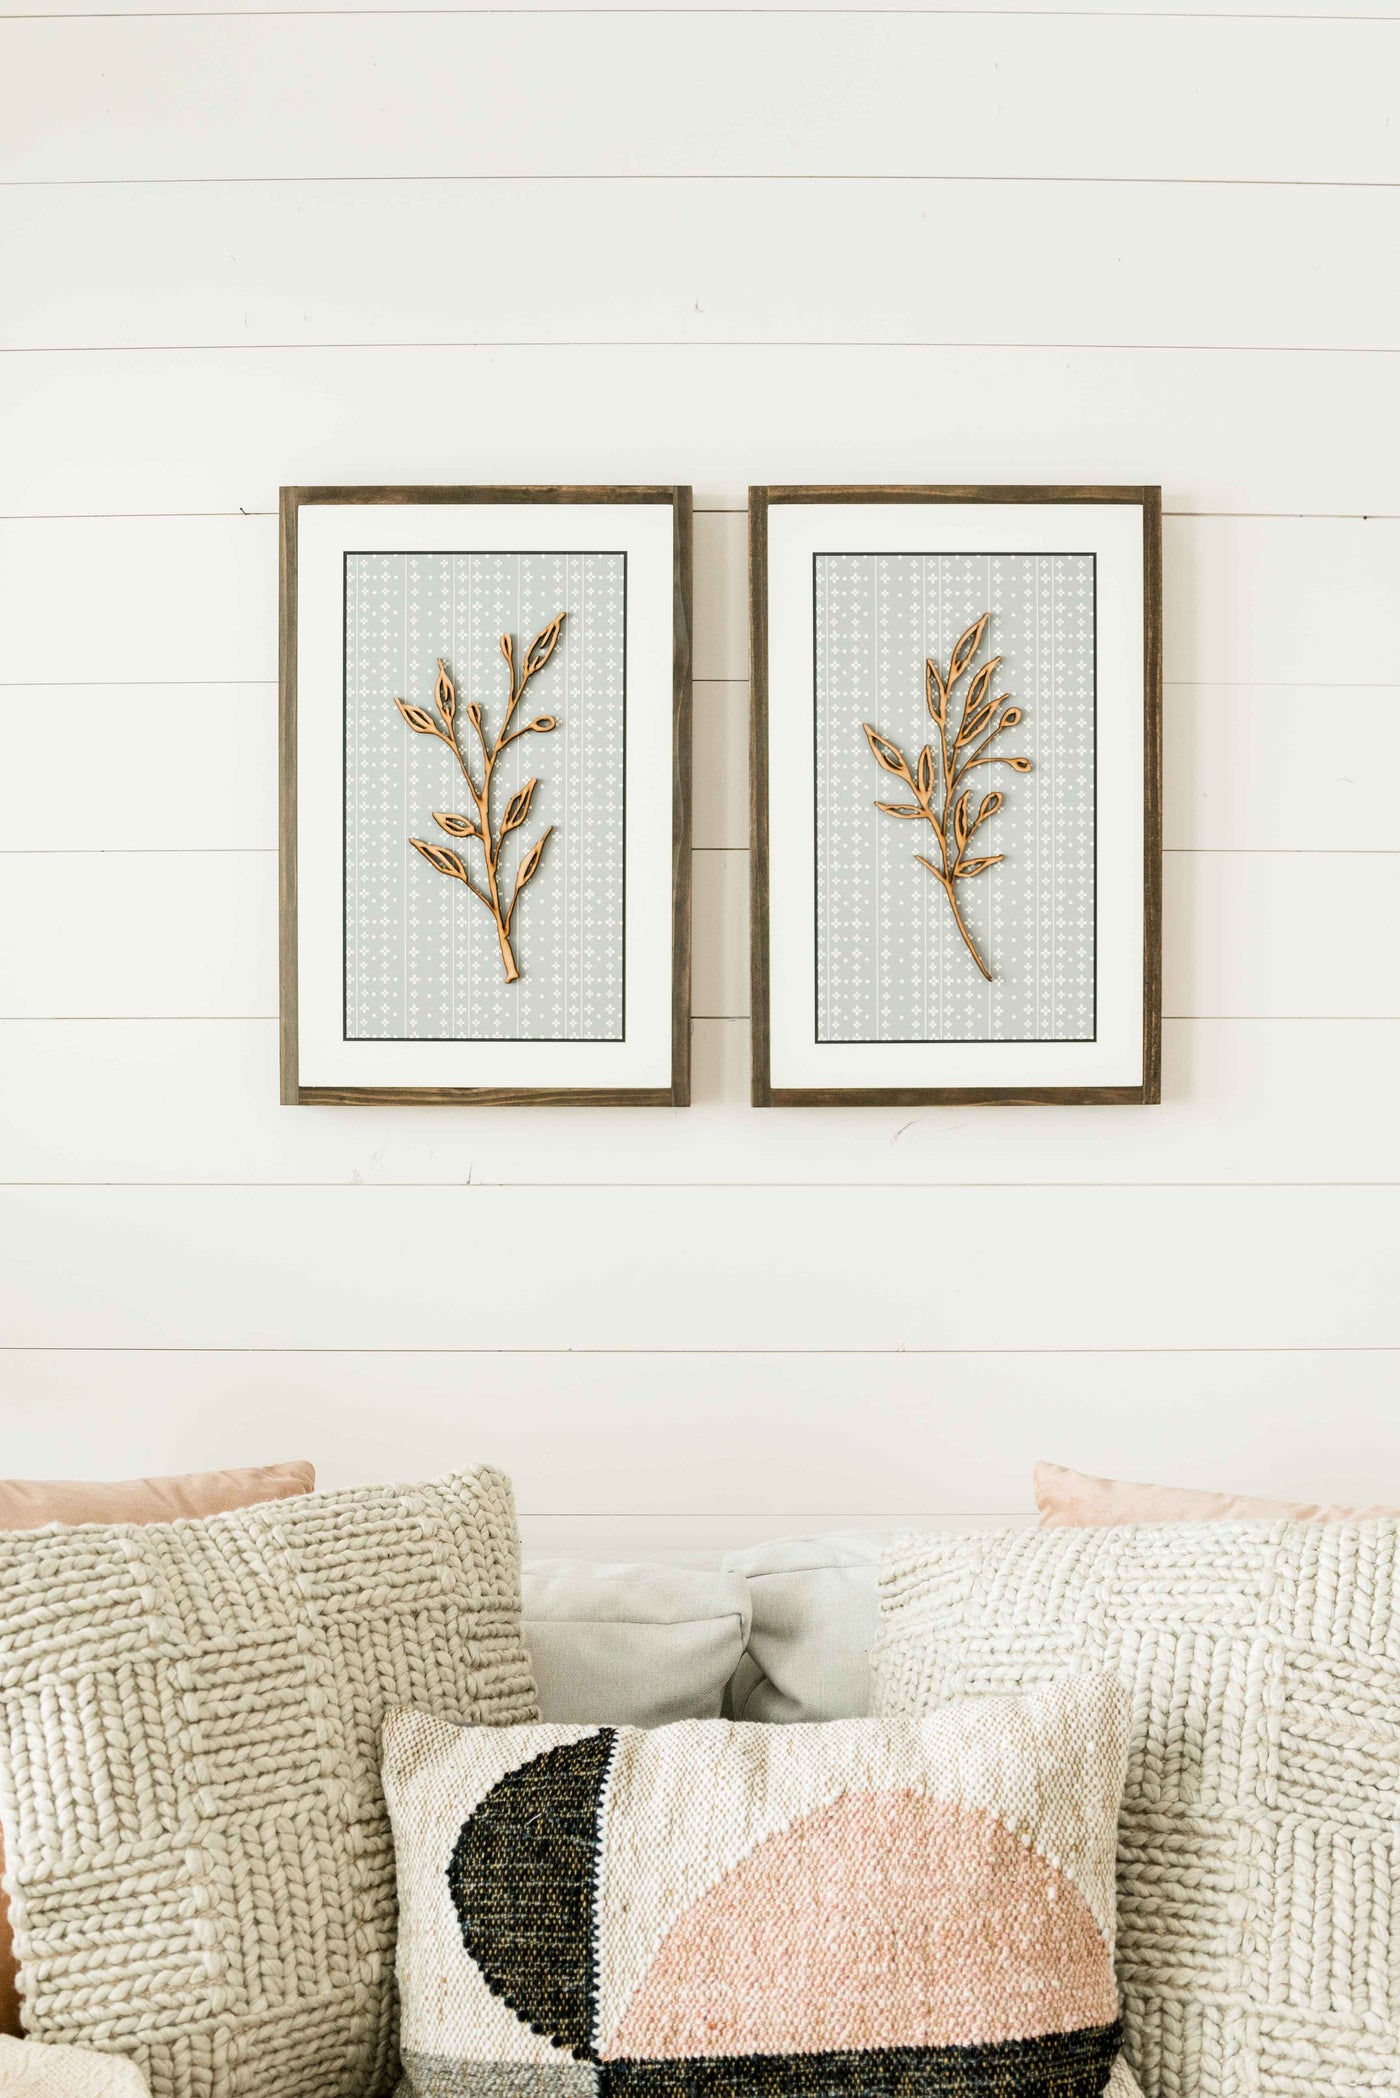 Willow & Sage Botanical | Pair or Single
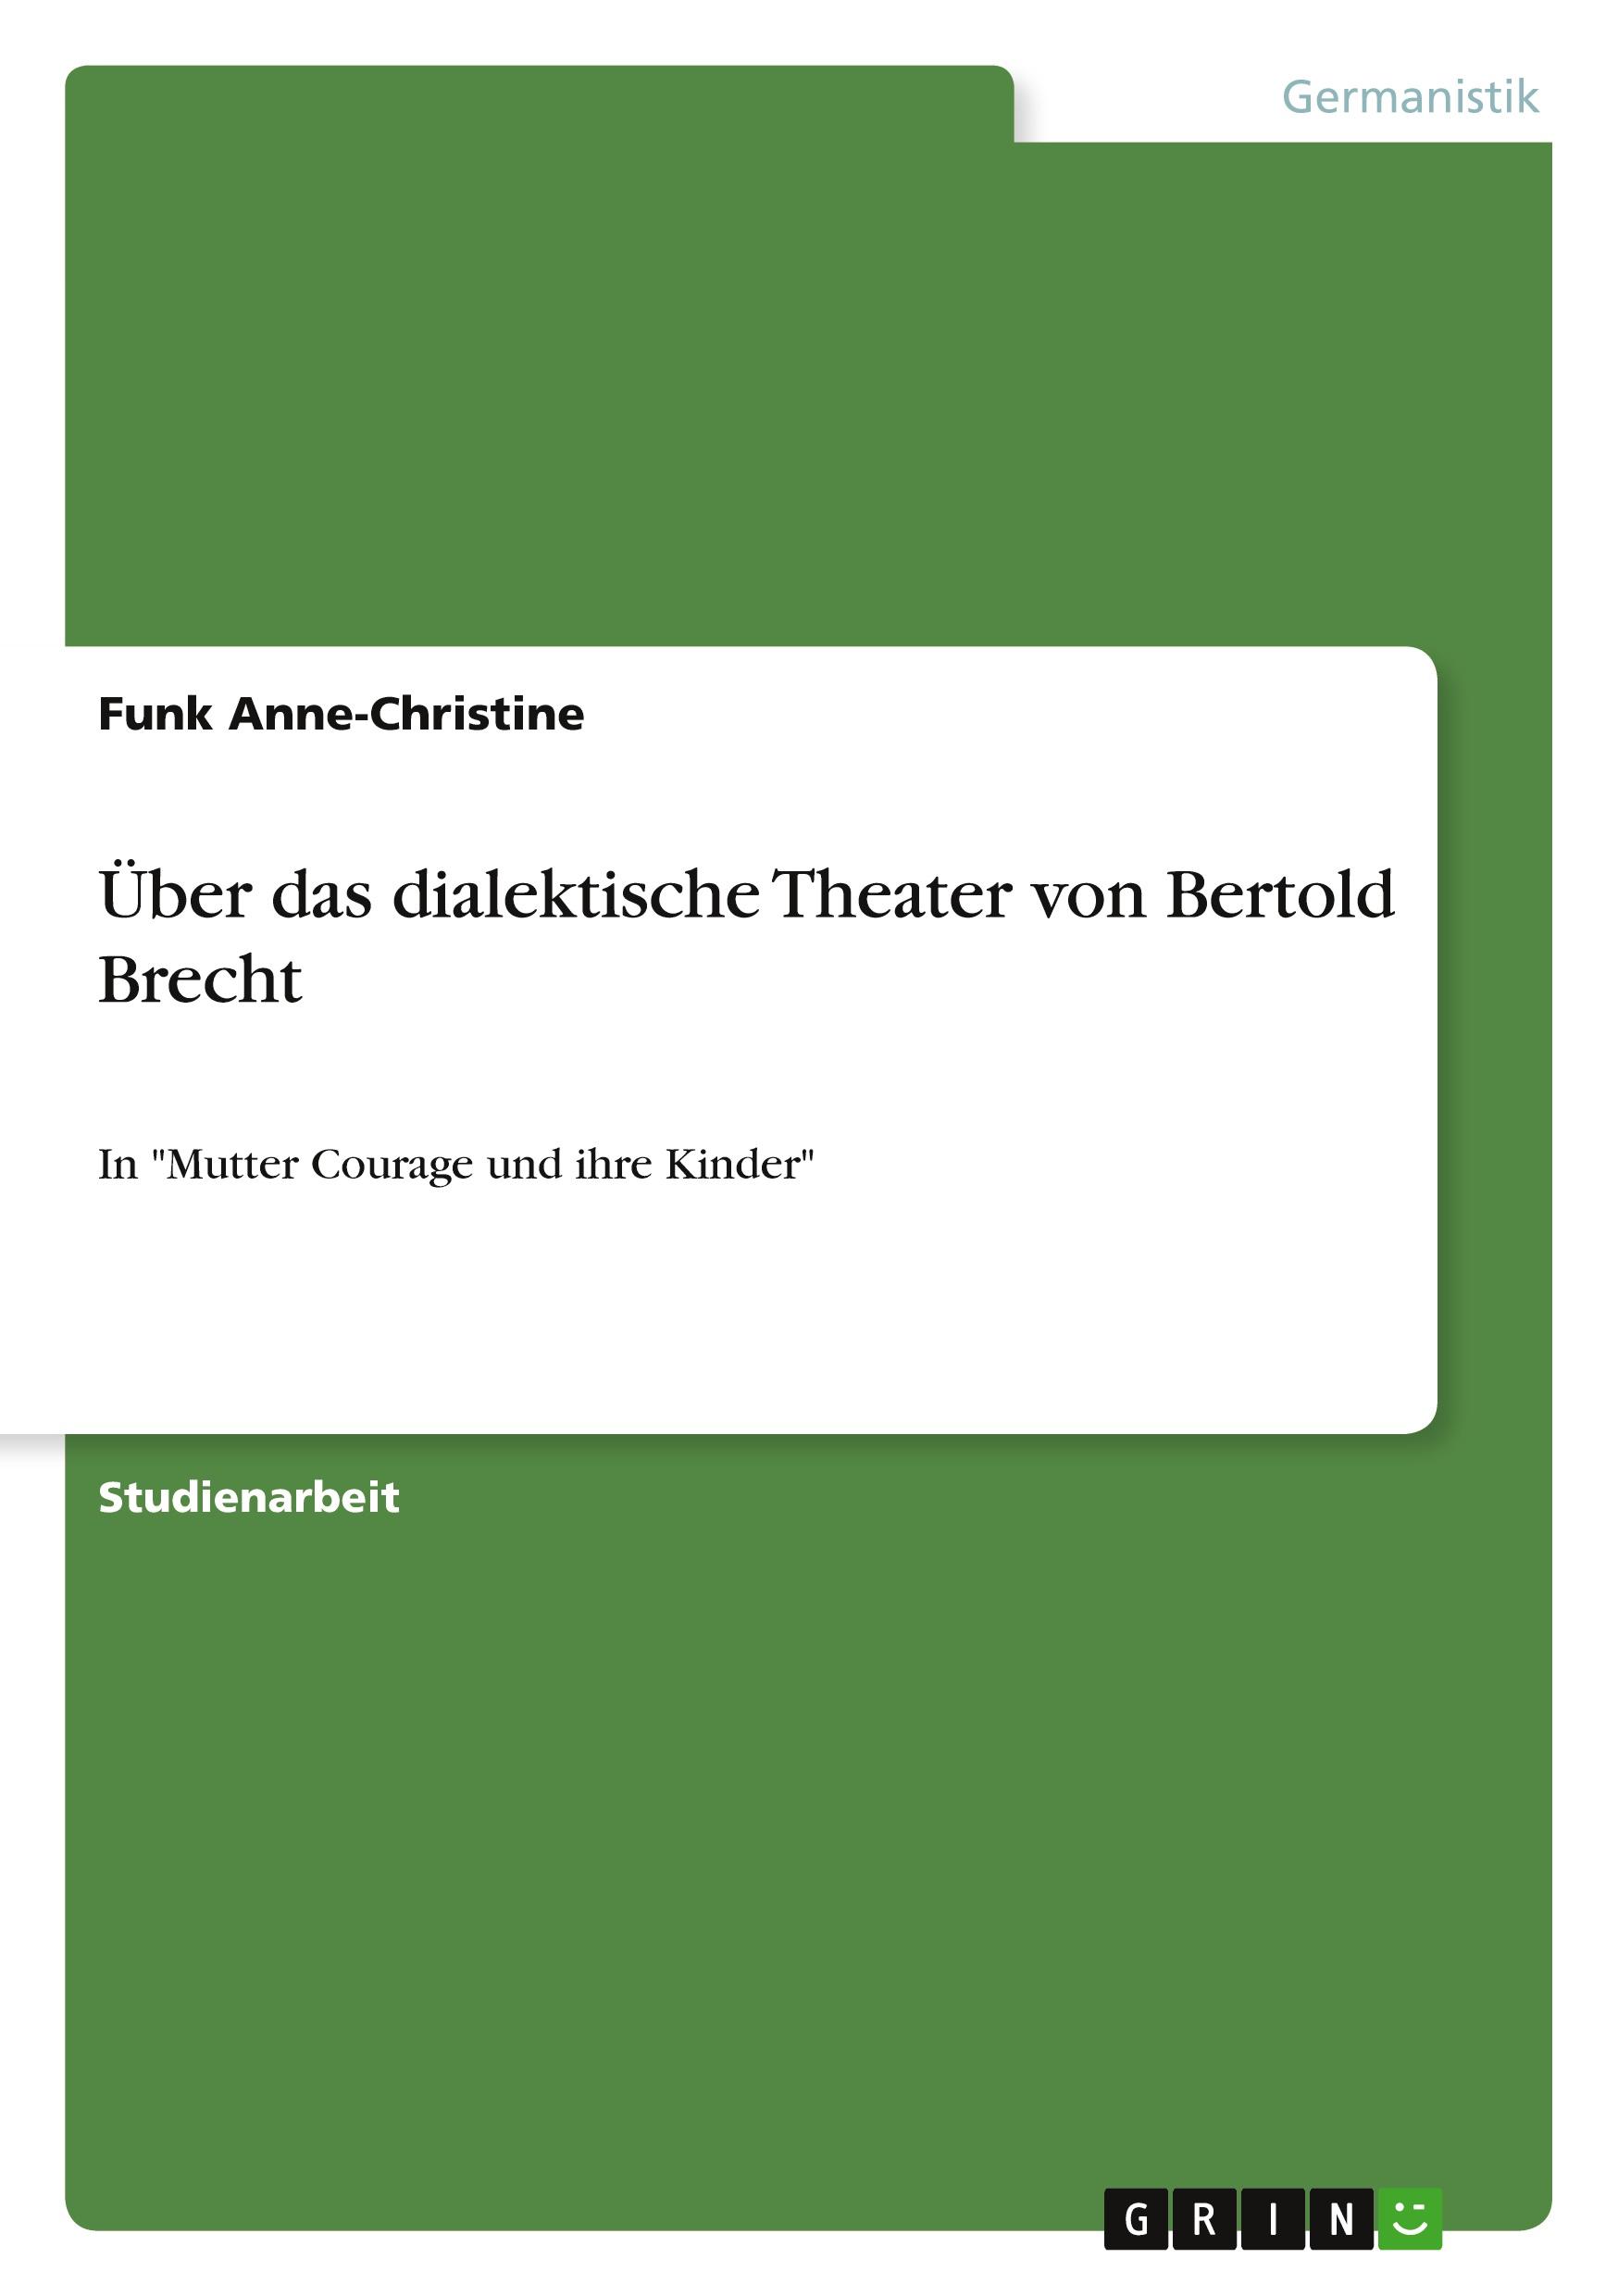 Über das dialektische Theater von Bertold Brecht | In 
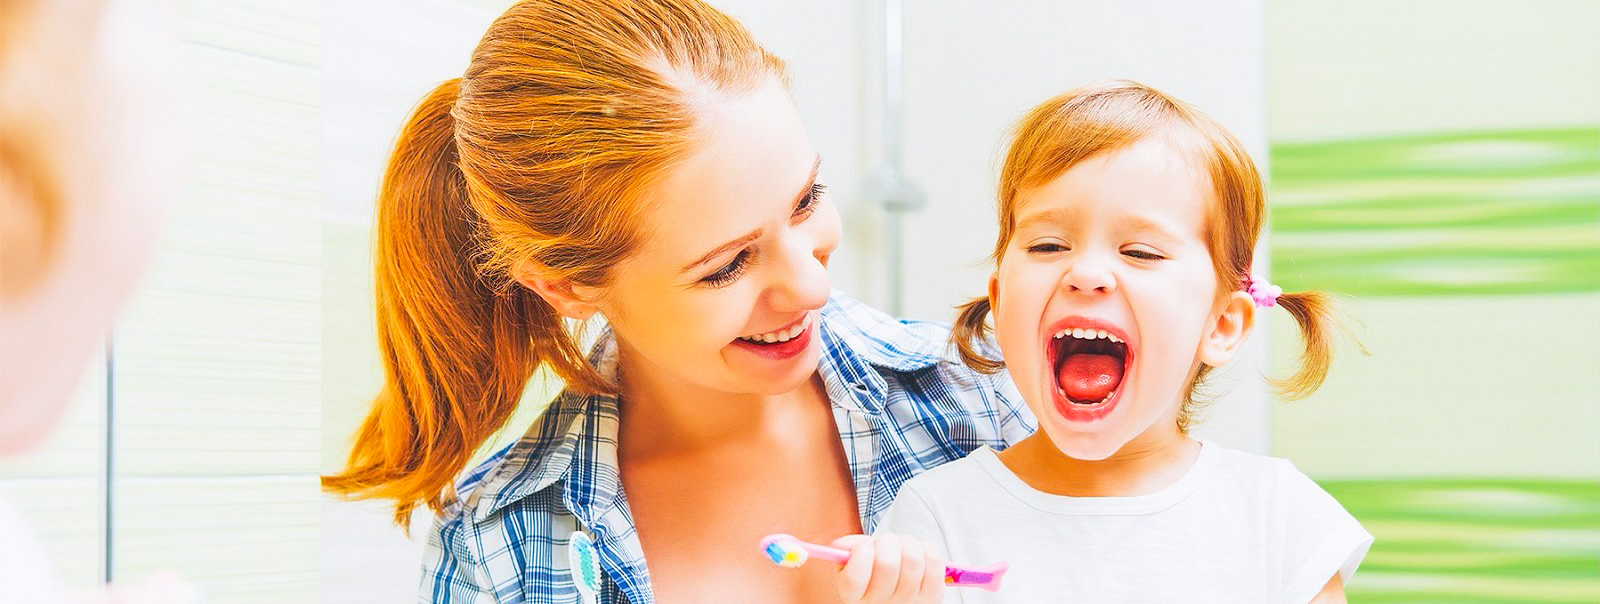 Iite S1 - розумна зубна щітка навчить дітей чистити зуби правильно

Action item: The reply should consist only of the lines running from the one with "Über das dialektische" through the end of the material, both included, copied exactly; please omit pictures.

Completed exercise:
 Über das dialektische Theater von Bertold Brecht | In 
 Iite S1 - розумна зубна щітка навчить дітей чистити зуби правильно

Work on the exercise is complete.